The claim therefore boiled down to the financial contributions to the property. In the judgment, the sheriff gives a clear, detailed outline of his calculations, eventually concluding that the pursuer had contributed £79,500 more than the defender, thereby recognising pound for pound the pursuer’s significant capital input. In making the award, the sheriff concluded that the defender had been economically advantaged by half this sum and therefore awarded this sum, being £39,750, to the pursuer.

Distinct scheme

Sheriff Miller’s judgment offers support to the view that there is not the parallel between claims under the 2006 Act and s 9(1)(b) of the 1985 Act as was perhaps first thought. As he observes, the 1985 Act is based on entitlement whereas the 2006 Act is a scheme of discretion. Moreover, even the apparently identical concepts of economic advantage and economic disadvantage are applied differently in the 2006 Act.

Turning to the valuation of the claim under s 28(2)(b), it was undisputed that the pursuer had borne the primary economic and care responsibilities in respect of the children. Sheriff Miller followed <M v S> in so far as agreeing with the approach that assessments are to be made on the assumption that the status quo in relation to childcare arrangements would continue to prevail and that the defender's contributions in financial or personal terms would continue to be limited. Thereafter he departed from the reasoning in <M v S> and instead calculated childcare on what he described as a somewhat “rough and ready” basis: allowing for care up to each child's 12th birthday and then deducting 25% to allow for holidays, family input and time with friends. The sum of £8,230 was awarded to the pursuer under s 28(2)(b). Beyond those facts, this aspect of the decision is not explained.
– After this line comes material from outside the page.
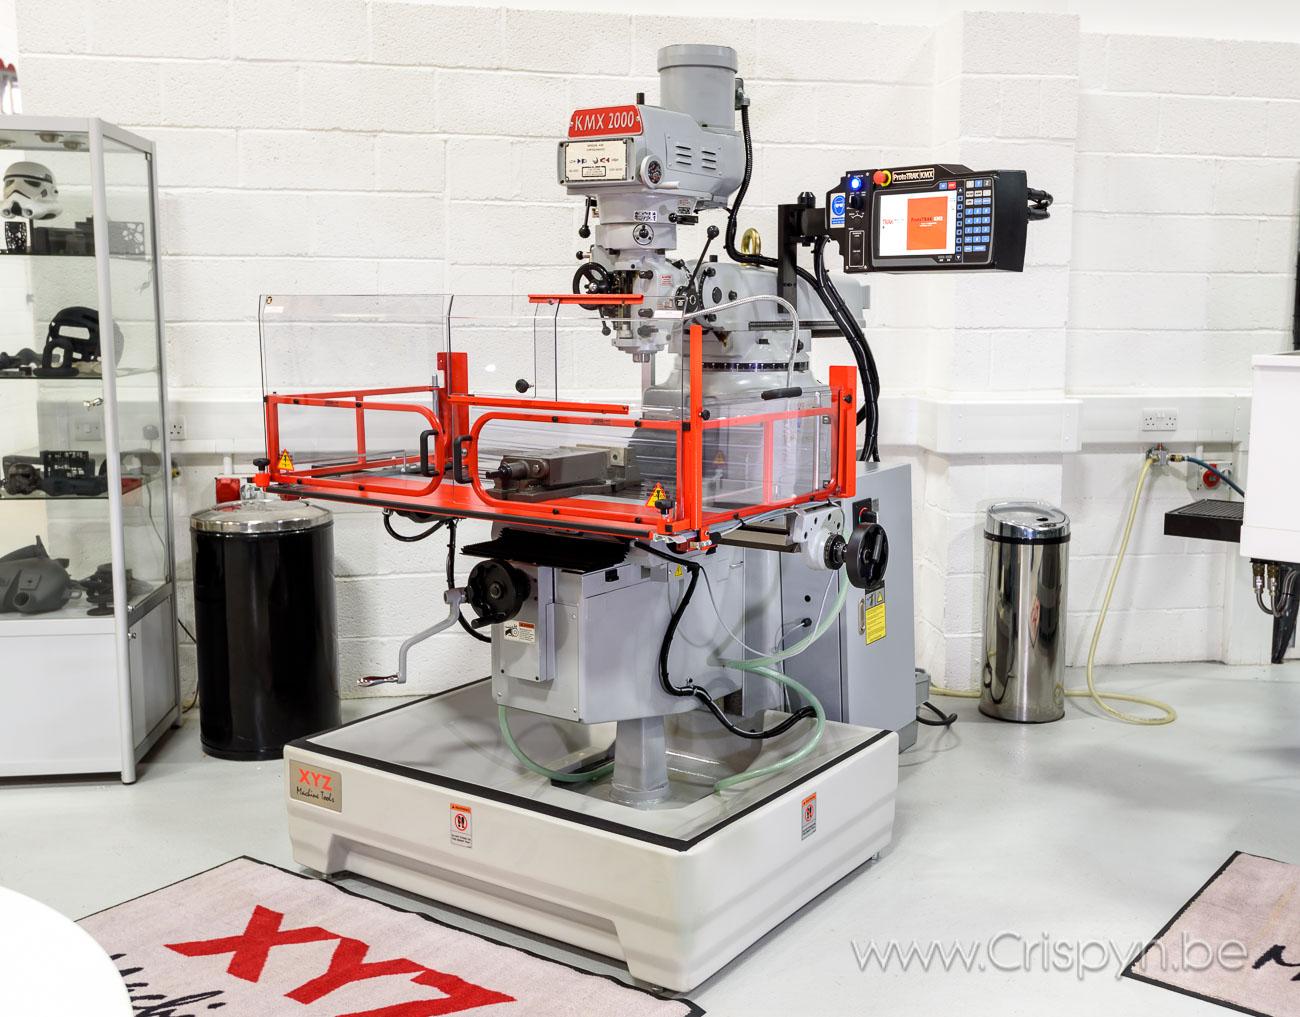 ProtoTRAK, Spindelmotor 2.25 kw Koersen xyz: 762 x 380 x 400 mm Tafel: 1270 x 254 mm

As in previous cases under the 2006 Act, the award here is quite modest and substantially less than that sought by the pursuer. While the circumstances are somewhat unusual, the judgment offers further guidance regarding how such a claim might be calculated and how the statutory tests should be applied. The overall case law position however remains confused. This case will no doubt further encourage practitioners to manage the expectations of claimants under the 2006 Act.